Prime Minister Orbán on Tuesday, in the European Parliament.

Prime Minister Orbán on Tuesday, in the European Parliament.

Mr. Orbán also spoke to his preferance for a culturally and ethnically homogeneous Hungary, and implied that Hungarians have no history of multiculturalism, like the former colonial powers of western Europe, who in his mind are driving the EU’s agenda. What’s fascinating about this statement and perception on the part of the prime minister is not that it is a complete misrepresentation of Hungarian history, starting from the times of St. Stephen all the way to the demise of Austria-Hungary after World War I, but that Mr.
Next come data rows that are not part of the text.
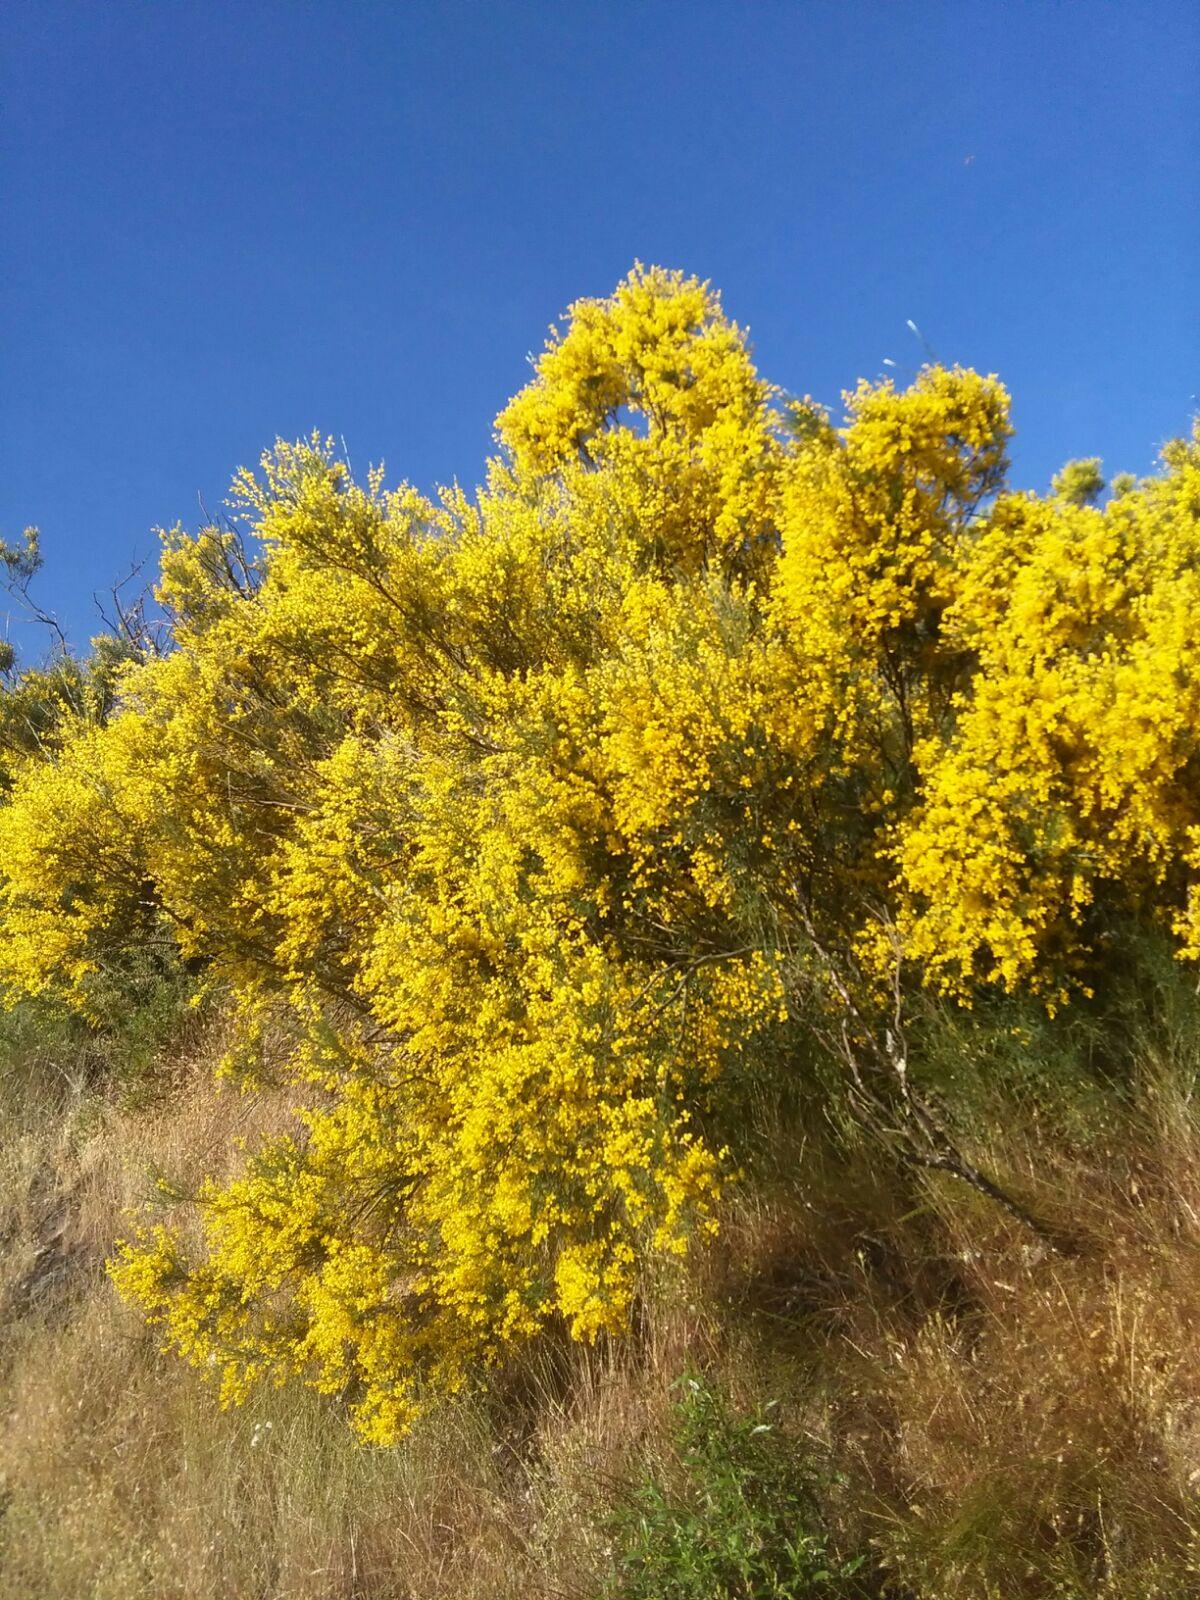 En Gallegos del Campo son numerosos los parajes donde abunda esta planta, destacando el paraje de Bocagundino y de Mazada.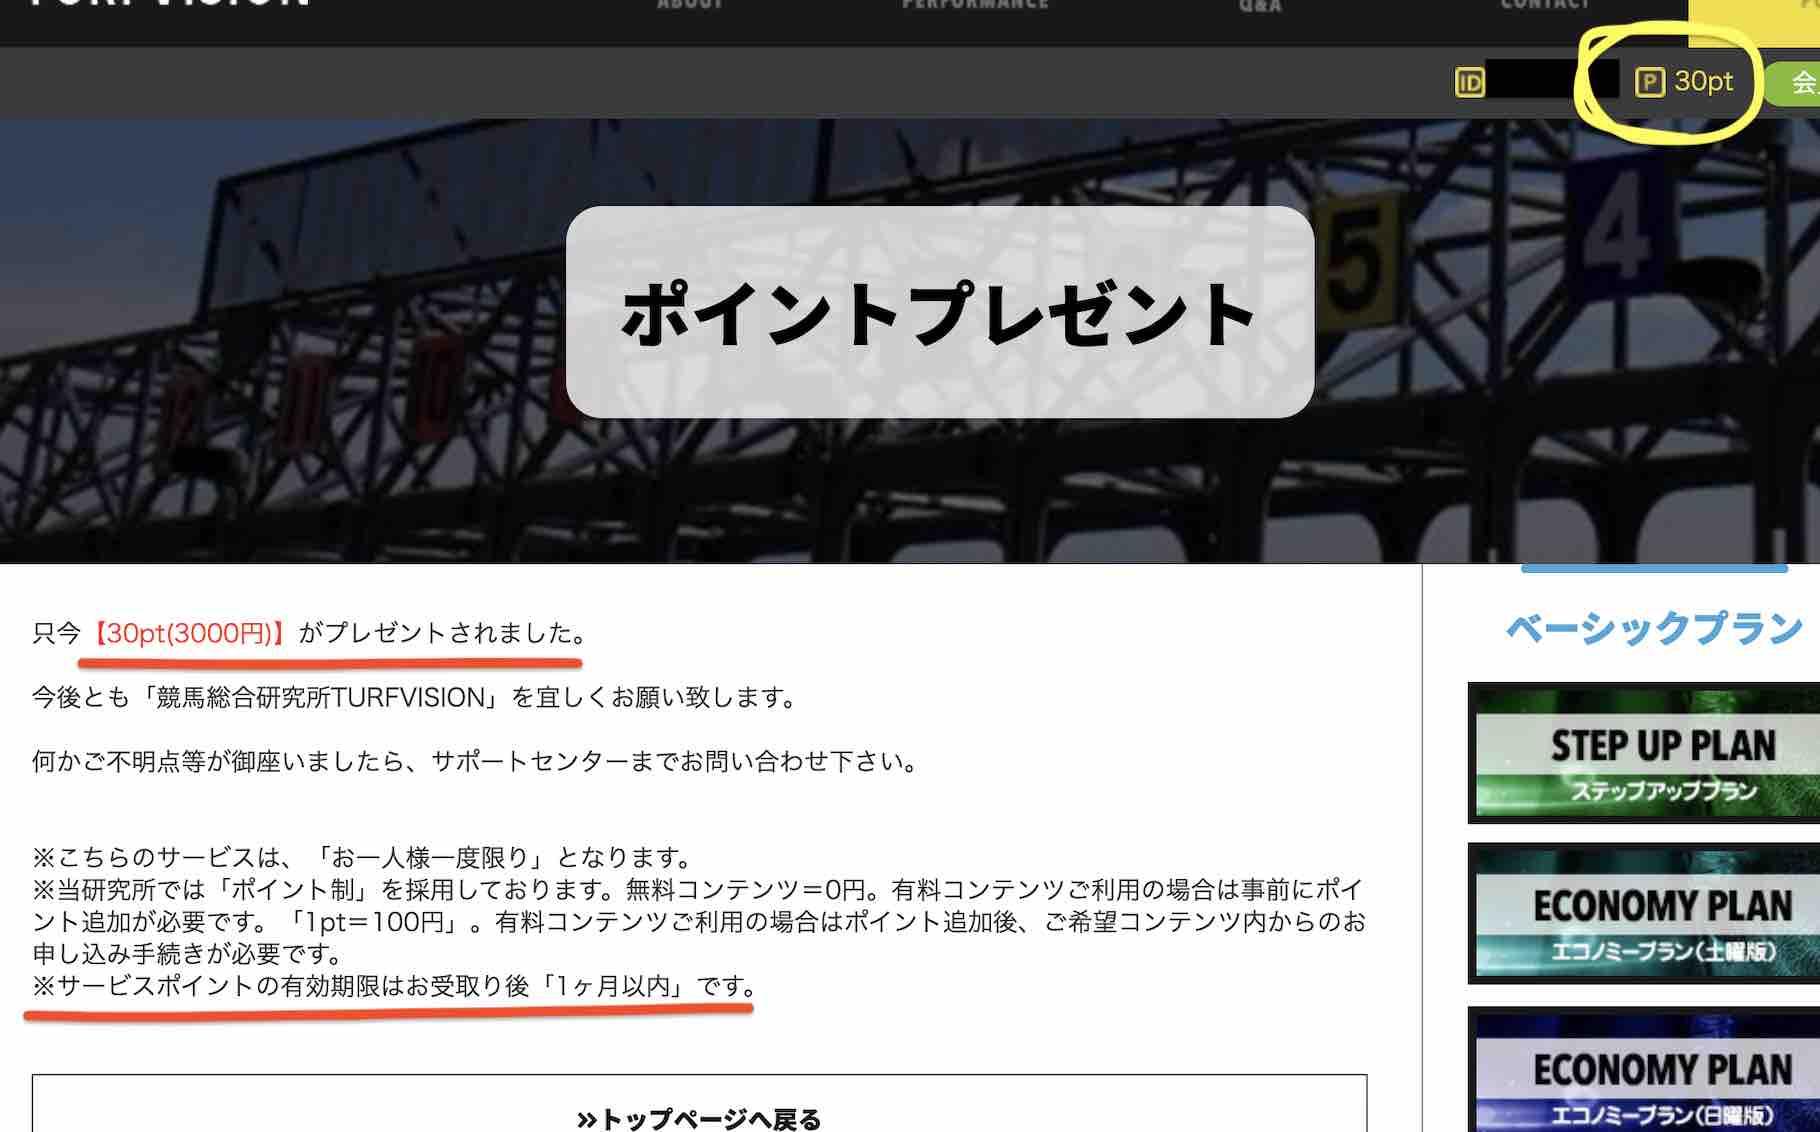 ターフビジョンという競馬予想サイトのポイント還元30pt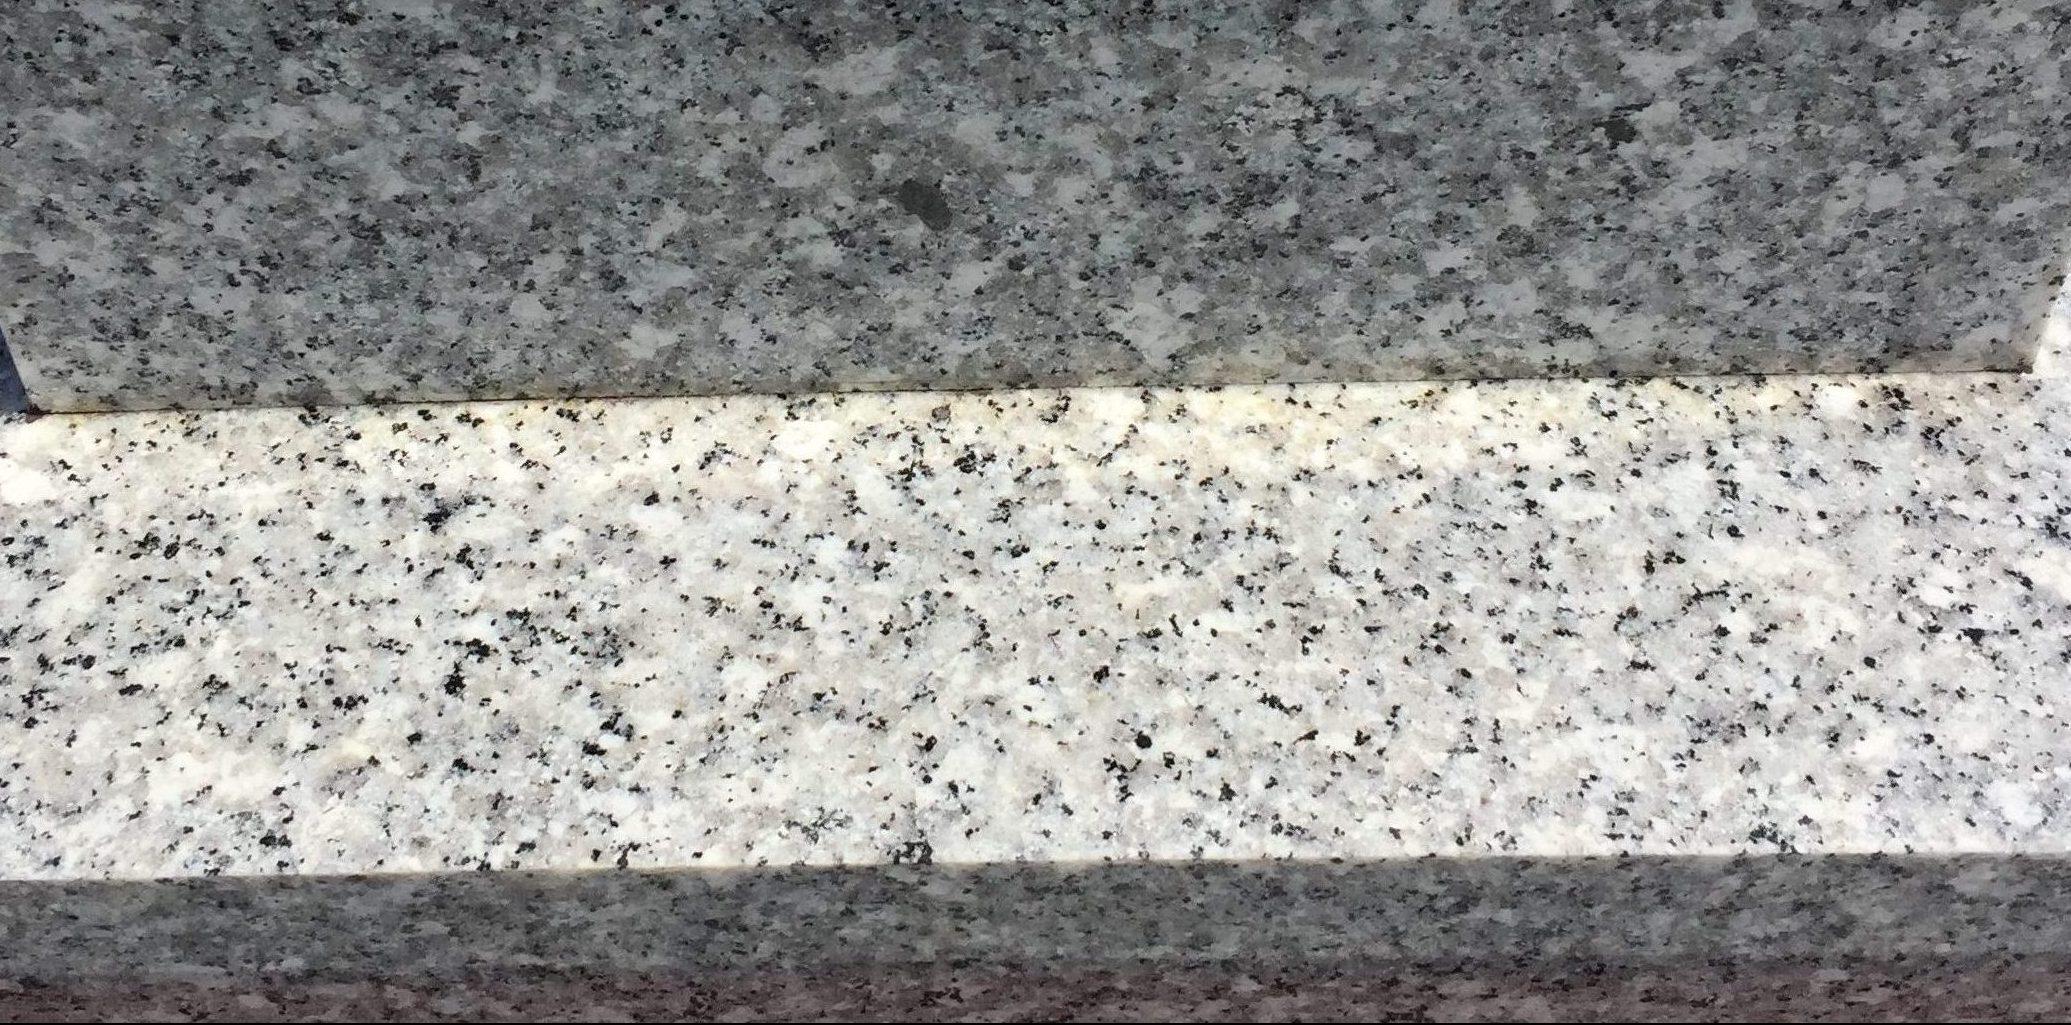 兵庫県 お墓のお掃除(清掃)代行いたします。墓石のシミやキズなど墓石クリーニングはおそうじプラスへ

Orbán is doing what the right-wing often accuses the left-wing of engaging in: of only seeing the post-Trianon Hungarian nation and state, and of trying to build a national identity that is tied not to a greater, pre-1920 Hungary, but rather to the far smaller, and more homogeneous post-World War I state. János Kádár, Hungary’s former Soviet era dictator, was sometimes perceived as trying to construct a new, post-Trianon Hungarian identity. If Mr. Orbán believes that Hungarians have a heritage of homogeneity, and that multiculturalism, living side-by-side people of different faiths, languages and cultures, is unfamiliar to Hungarians, then he truly does have a deeply warped view of the country’s history.